Got that, Bible? Chefs, not Meek, to inherit earth. (Although I don’t know what my line-cook boyfriend would have to say about that… sometimes he inherits meats that are rotting or leftover cheese, but that’s about it.) Moving on.

“And now comes an additional helping of affirmation: a comedy on Fox that means to be hip, strives to be irreverent and wagers that nothing says lovin' like a stud muffin at the oven.”

NOTHIN SAYS LOVIN LIKE A STUD MUFFIN AT THE OVEN. That’s right, additionally, Fox is wagering that “if the beefcake’s shakin’ there’s a bacon in the makin.’” Said one studio exec, “[Cooper’s] buns are made for slappin’, gonna tap him till I’m crappin’!”

“The muffin man in ‘Kitchen Confidential’ is played by Bradley Cooper, familiar from ‘Alias’ and finally getting the kind of front-burner role he deserves.”
If you’re playing the Thematic “Kitchen” Metaphor Drinking Game, now would be an appropriate time for a shot of Jaeger.


Although in all fairness, he does deserve front-burner roles. At least, my front is burning just looking at him.

“He brings the show an ample measure of heat and a dollop of hope, his presence almost engaging enough to redeem an overstuffed, overbaked first episode.”
Bing! Bing bing! Jaeger shots all around! And you're going to want to get one of those extra big Skidmore/LeHigh commemorative sorority event quintuple-shooters for the conclusion:

Commemorating historic UVA girls' favorite places to bone athletes.

"Some viewers may well find a savory treat here. Others may want to hold out for the inevitable next phase in epicurean adulation, a Broadway musical about a quixotic Spanish visionary and his beloved steel griddle.

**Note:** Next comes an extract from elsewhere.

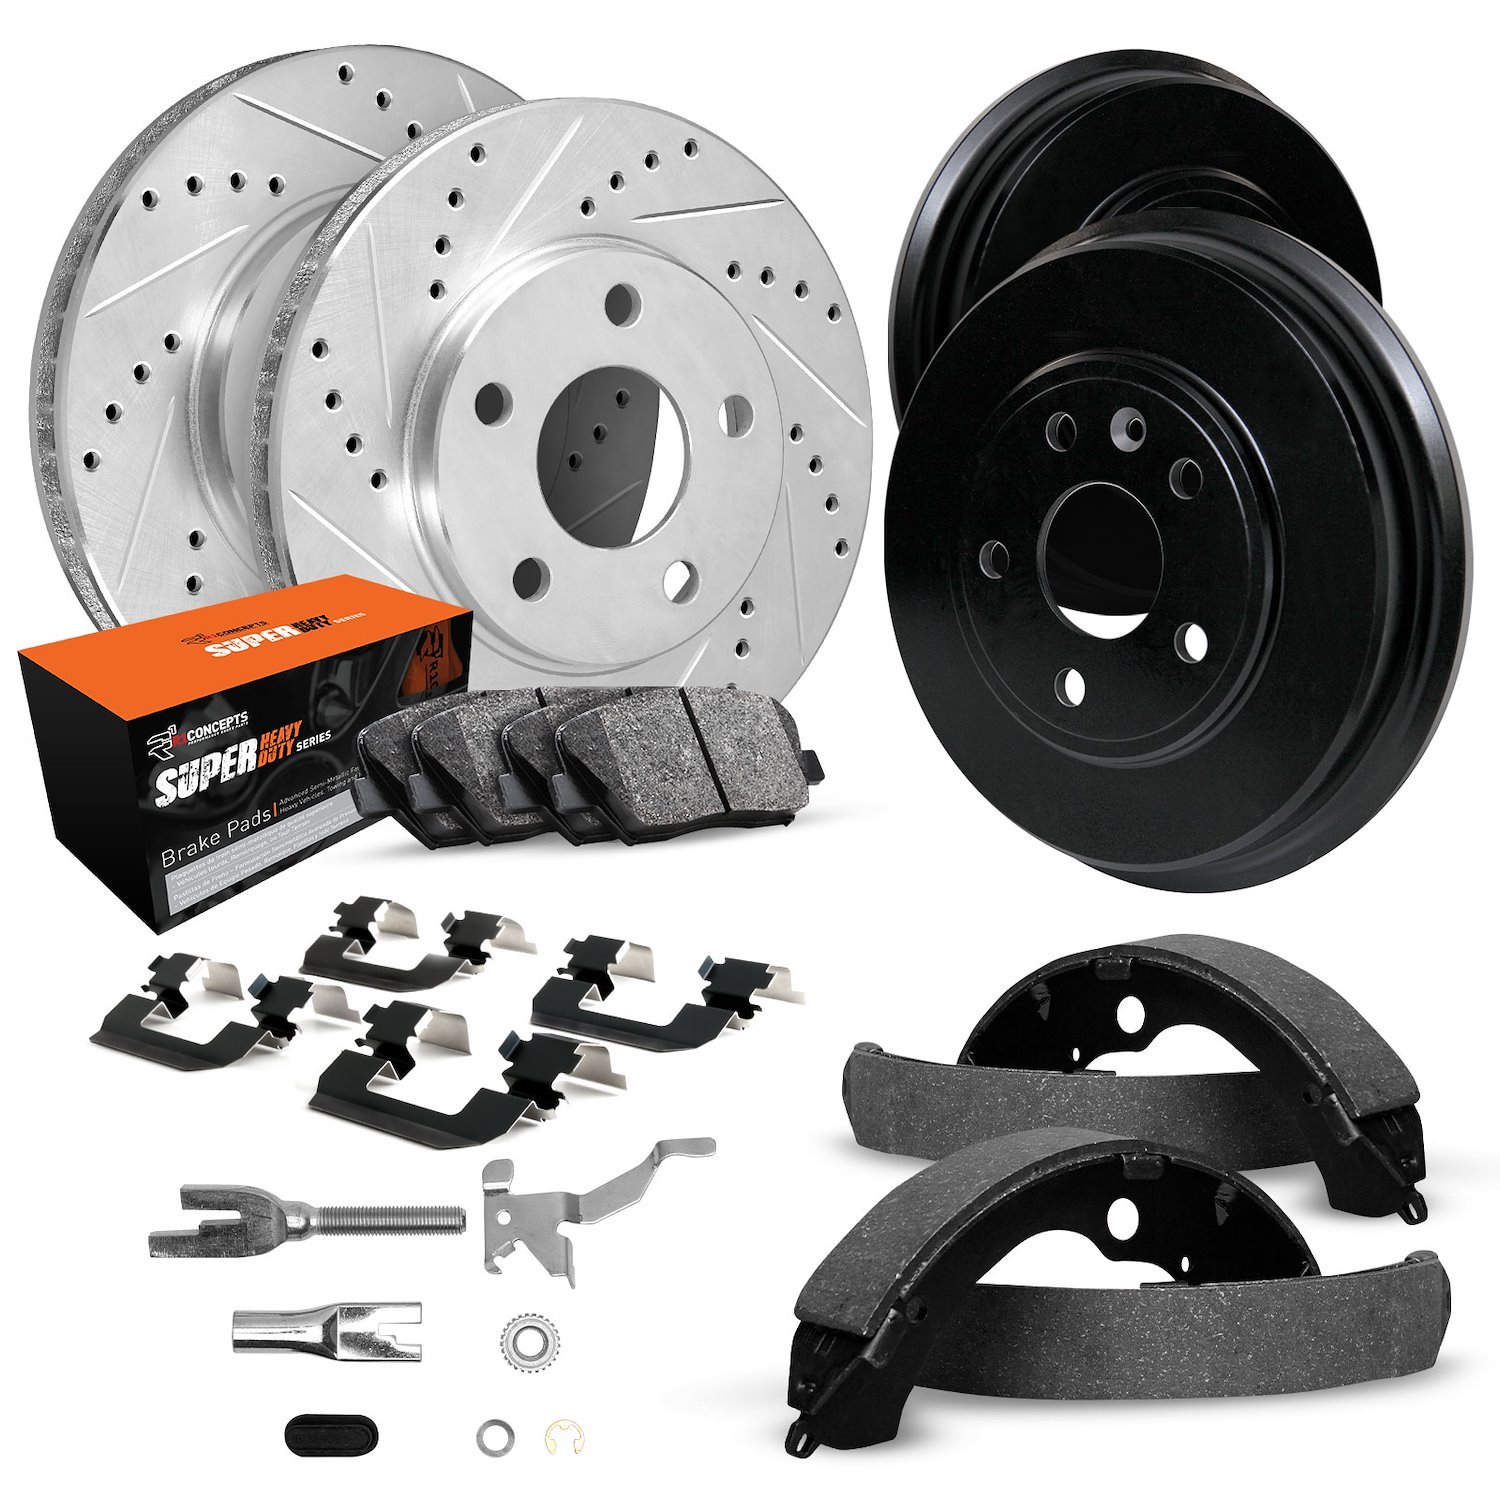 E-Line Drilled/Slotted Silver Rotor & Drum Set w/Super-Duty Pads, Shoes/Hardware/Adjusters, 1992-1993 Ford/Lincoln/Mercury/Mazda

Anybody for 'Man of La Plancha?'"

No, but, funny coincidence, I am up for a role as one of the dead piglets competing for a place in a sack of herbed saltwater in this fall’s Off-Off-Broadway production of “A Chorus Brine.”

ZING!

6 Comments:

Blogger TG said...

i so admire your ability to run through all this and (using a bruni-esque verb) stomach it. how do you not poke your eyes out? i just can't stand the fucker's writing, myself. all those painful culinary metaphors like "Their antics pepper gossip columns" and "a dollop of hope" and "an overstuffed, overbaked first episode", i mean, you're supposed to work out that kind of crackerjack journalism-101 crap EARLY in your journalism career. but unfortunately, it's typical of an ex "news" dope who moves to lifestyles/fluff and thinks that feature writing = shitty-ass puns. wotta friggin clown

11:00 PM, September 20, 2005  
Anonymous NY Times Embarrassed?! said...

Anyone else notice that Bruni's Kitchen Confidential review was posted online in this week's Dining Section when it went up last night, and that it was removed this morning?

11:36 AM, September 21, 2005  
Anonymous UppEastSideAl said...

this is hysterical. i am alternately repulsed and riveted whenever i hear FB on my radio in the morning (WQXR). how did he get this plum ( ha-"plum" worthy of FB) job?? also anyone notice an eerie vocal resemblance to NYT theater critic Ben Branley? so funny your site! thanks.

11:37 AM, September 21, 2005  
Blogger Jules said...

Well, actually, I kind of appreciate his presence in the food writing world. Yes, he's outta control, but I've never been one for control, except in the tops of panty hose. As a comedian, I couldn't be happier that someone with a flare for the silly is at the most serious post in town.

11:39 AM, September 21, 2005  
Anonymous Anonymous said...

Jules, you rock! Keep giving Bruni hell. You're the blog highlight of my week.

2:02 PM, September 21, 2005  
Anonymous Anonymous said...

Oh Jules, you so bore me. I think you have a penchant for boredom. You must sweat just by thinking. May I suggest that you move to the middle of nowhere, eat at restaurants for under $10, talk with people who've never left town, and then comeback to NYC with a better attitude for why food is taken seriously here. Sure, pomp sells copy. But a $150 shitty meal is a big chunk of change from your salary. Sure escargot and caviar taste slimy and disgusting, but some people waste their money on meth or crack.